Chinese economic data for first quarter released Monday came in weaker than expected, with gross domestic product for the January-March quarter rising 7.7 percent vs. 7.9 percent in fourth quarter 2012, according to the National Bureau of Statistics. However, compared to year-ago numbers, GDP rose 7.7 percent.
Additionally, industrial production increased 8.9 percent from the year-earlier period, but that was well below DowJones' forecast of 10 percent. The growth was the weakest in more than a year, slowing from a 9.9 percent average rise for the January-February period.

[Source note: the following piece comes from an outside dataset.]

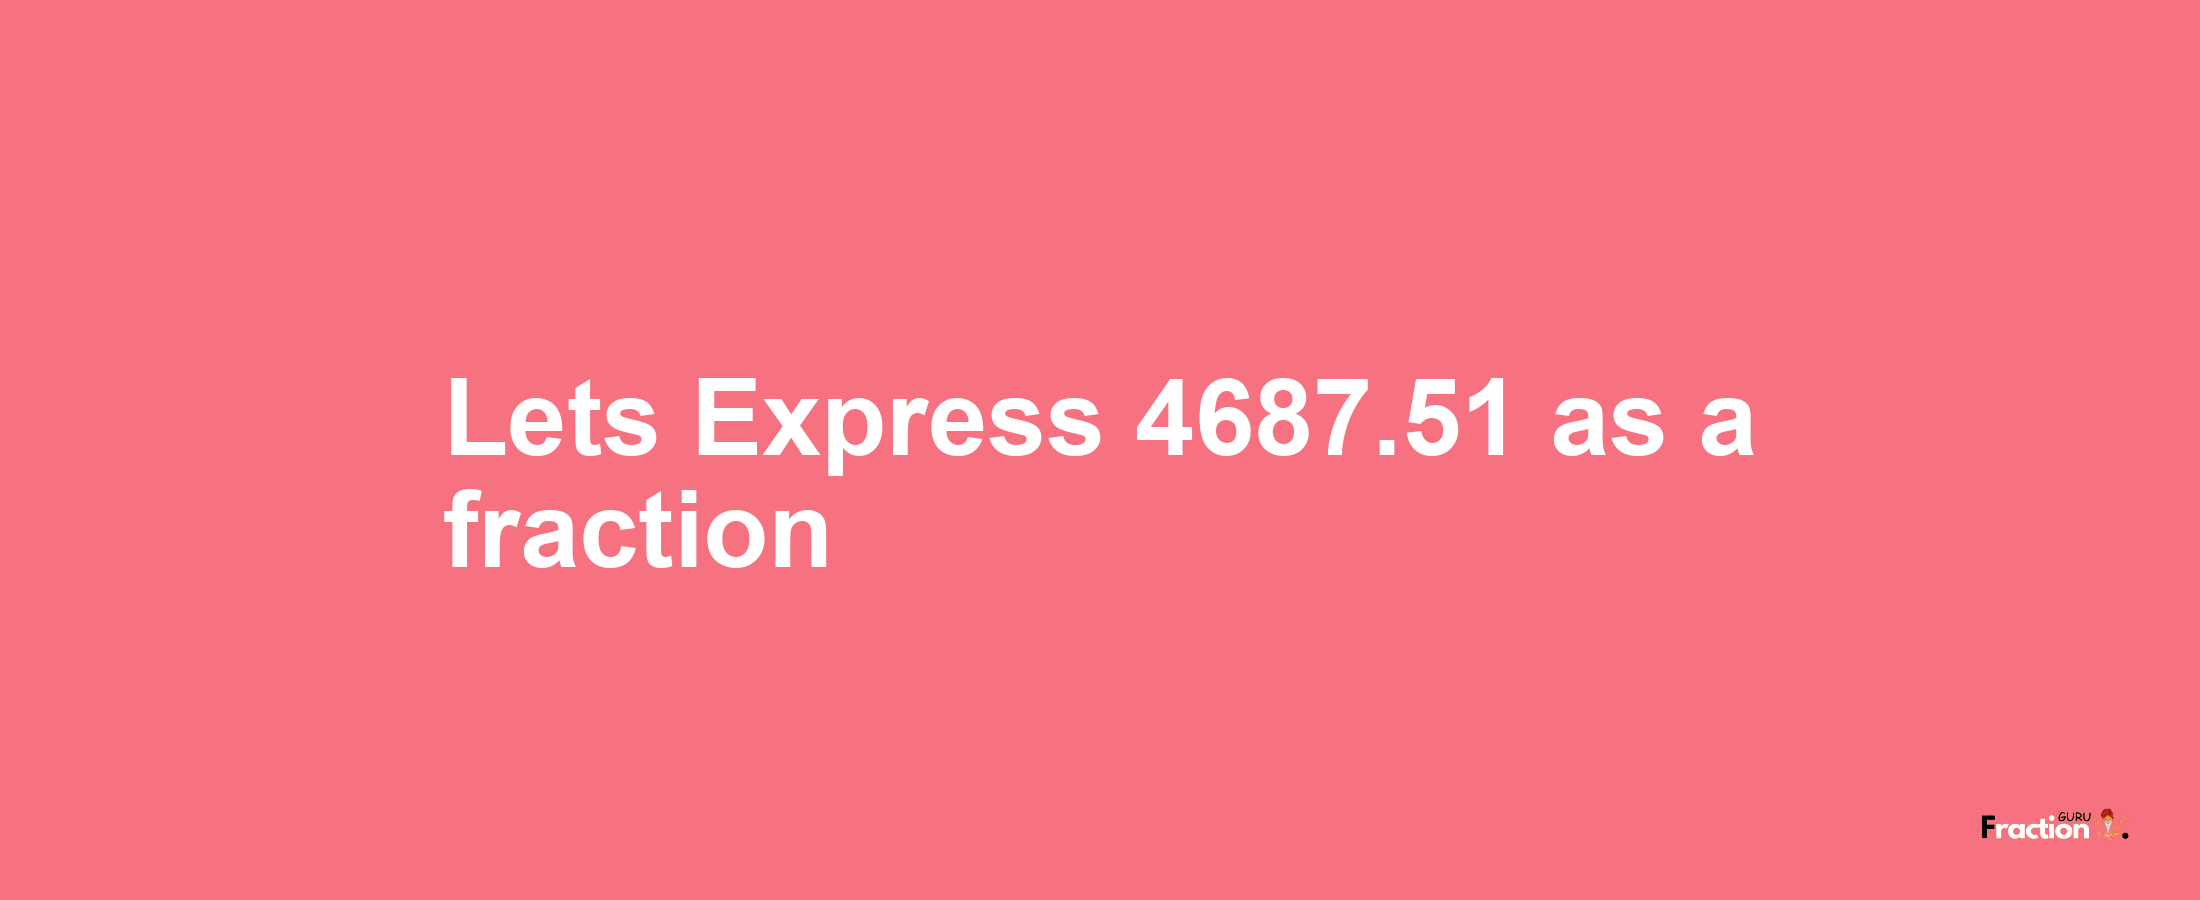 Lets Express 4687.51 as afraction

Analysts blame the unimpressive data on a Chinese economy that is sustained by property and stimulus-supported infrastructure rather than broad private sector investment or household spending, and they don’t expect that to change anytime soon.
“A loosening of property-market controls or another round of stimulus would be needed to deliver significantly stronger growth over the quarters ahead. Given that policymakers already seem concerned about the current pace of credit growth and excess investment in property, neither seems likely,” Mark Williams, Chief Asia Economist for Capital Economics, said.
The data on retail growth also failed to impress. March retail sales rose 12.6 percent, improving from 12.3 percent year-on-year growth in the January-February period but far less than the 15.2 percent gain in December.
Results for urban fixed-asset investment (FAI) also showed slower growth. Though figures rose 20.9 percent in January-March from the comparable year-earlier period, that was less than the 21.2 percent rise in January-February. Still, for all of 2012, FAI gained 20.6 percent, suggesting an uptick in recent construction activity.